**Task:**
Quote the listing below in full and exactly as written, but omit every picture.

**Material provided:**
- Opening Delimiter -

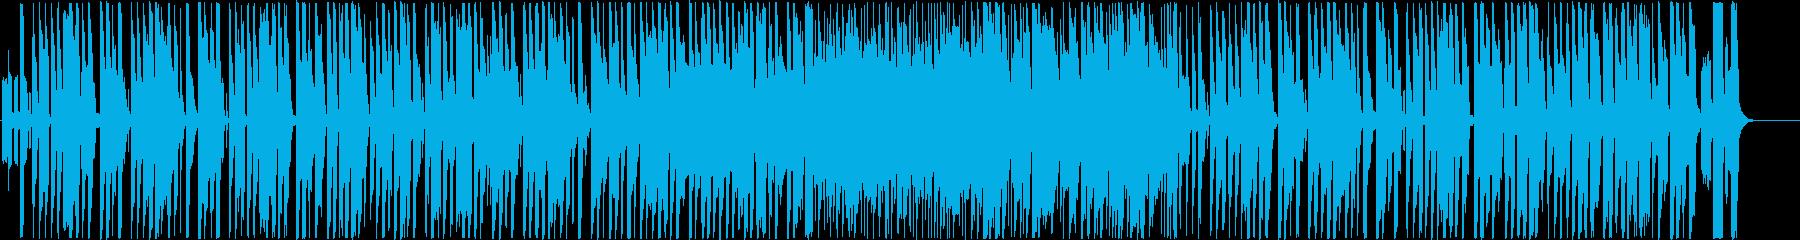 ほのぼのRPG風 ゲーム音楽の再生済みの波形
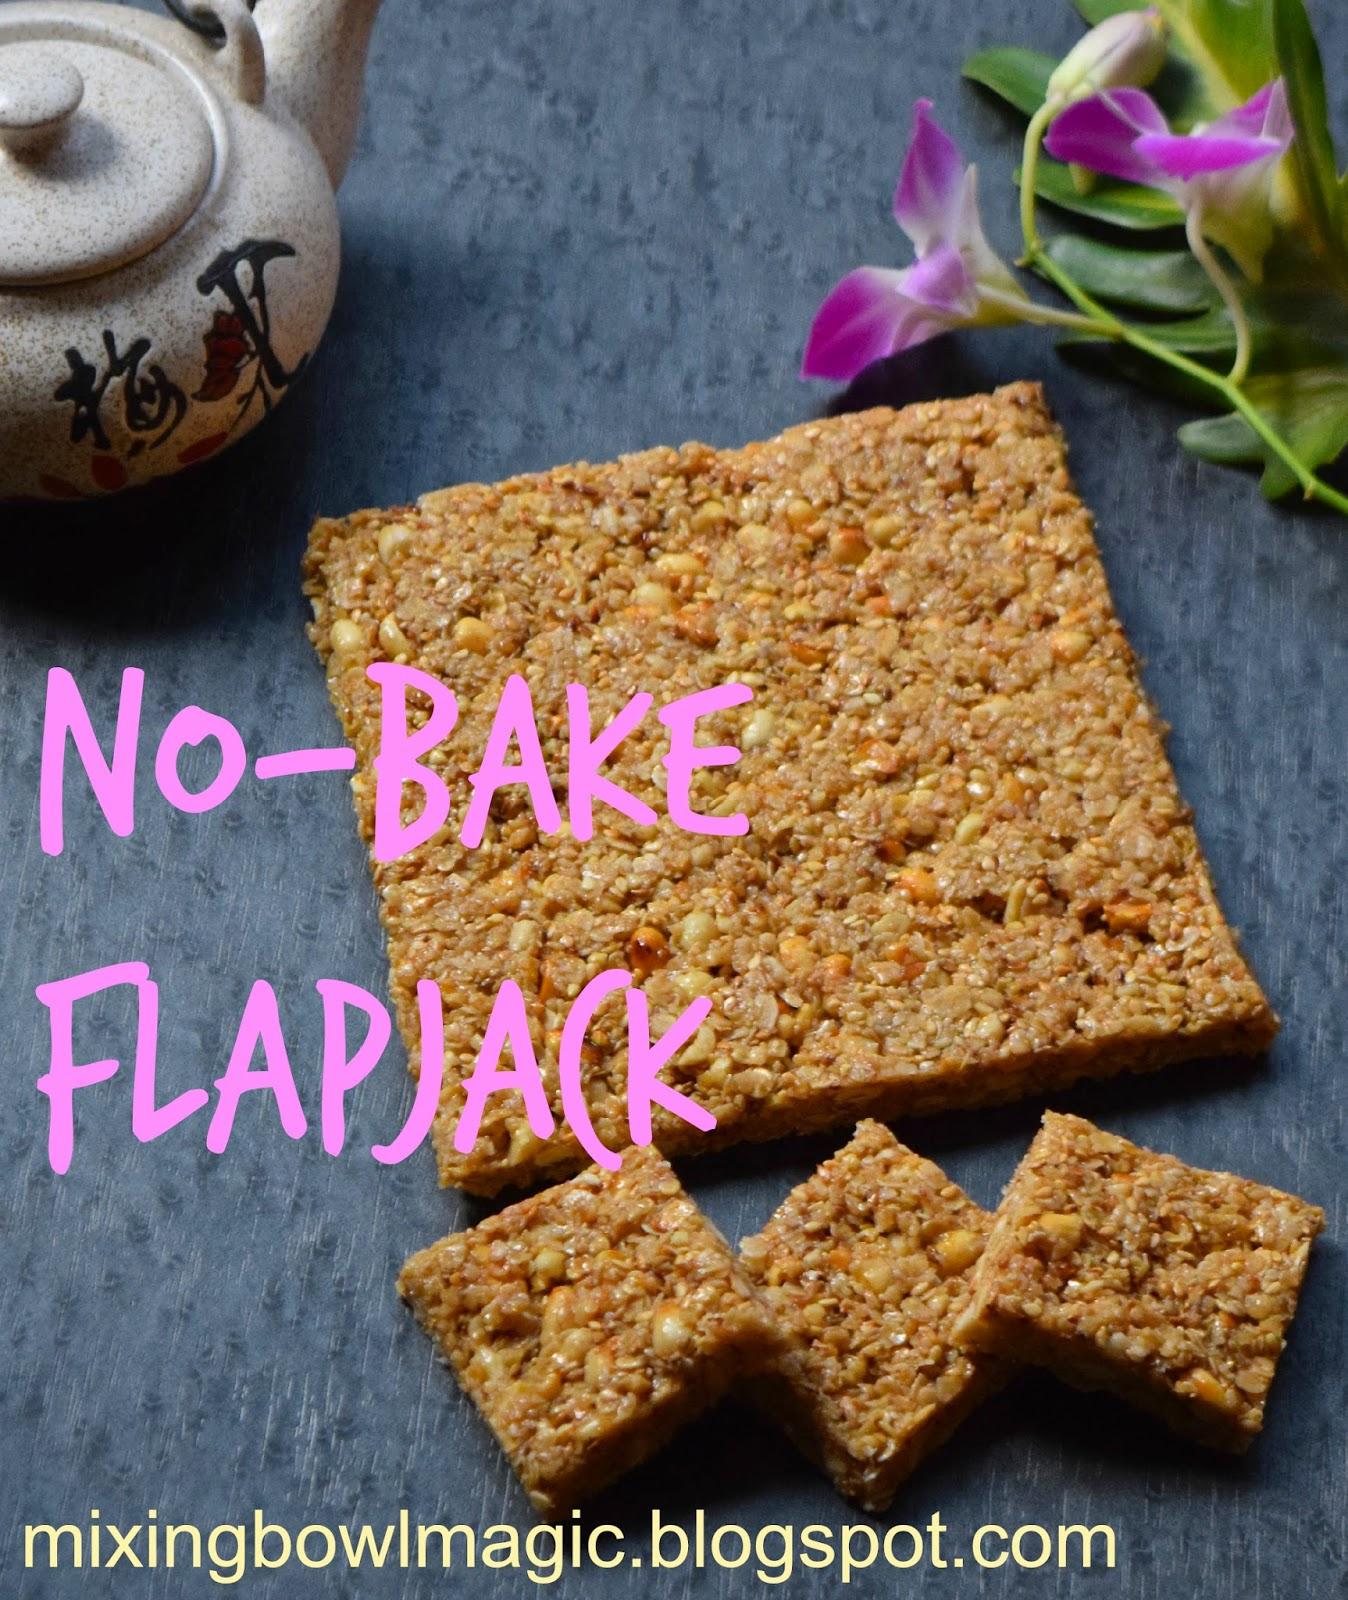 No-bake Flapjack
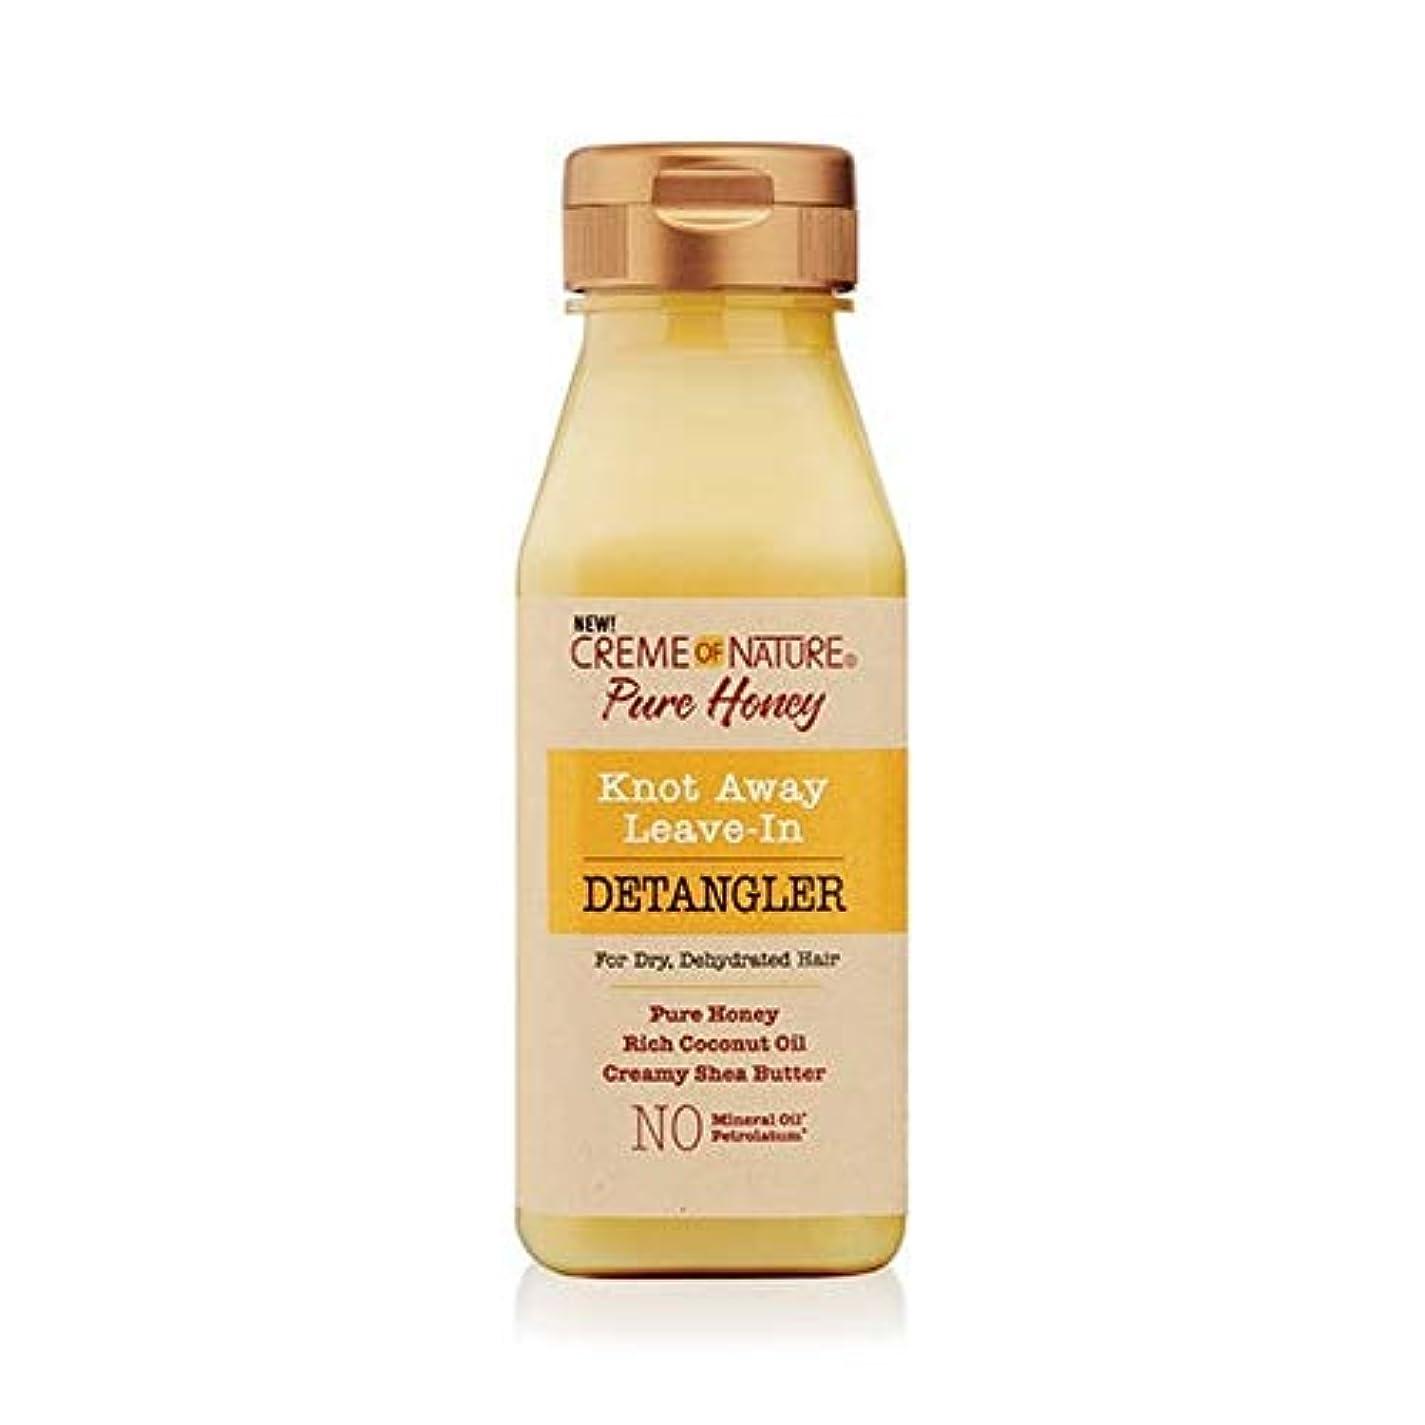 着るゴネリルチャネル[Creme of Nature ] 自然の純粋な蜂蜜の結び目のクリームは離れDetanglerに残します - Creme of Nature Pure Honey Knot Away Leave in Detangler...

- Closing Delimiter -

**Answer space:**
 ほのぼのRPG風 ゲーム音楽の再生済みの波形
 No-bake Flapjack
 着るゴネリルチャネル[Creme of Nature ] 自然の純粋な蜂蜜の結び目のクリームは離れDetanglerに残します - Creme of Nature Pure Honey Knot Away Leave in Detangler...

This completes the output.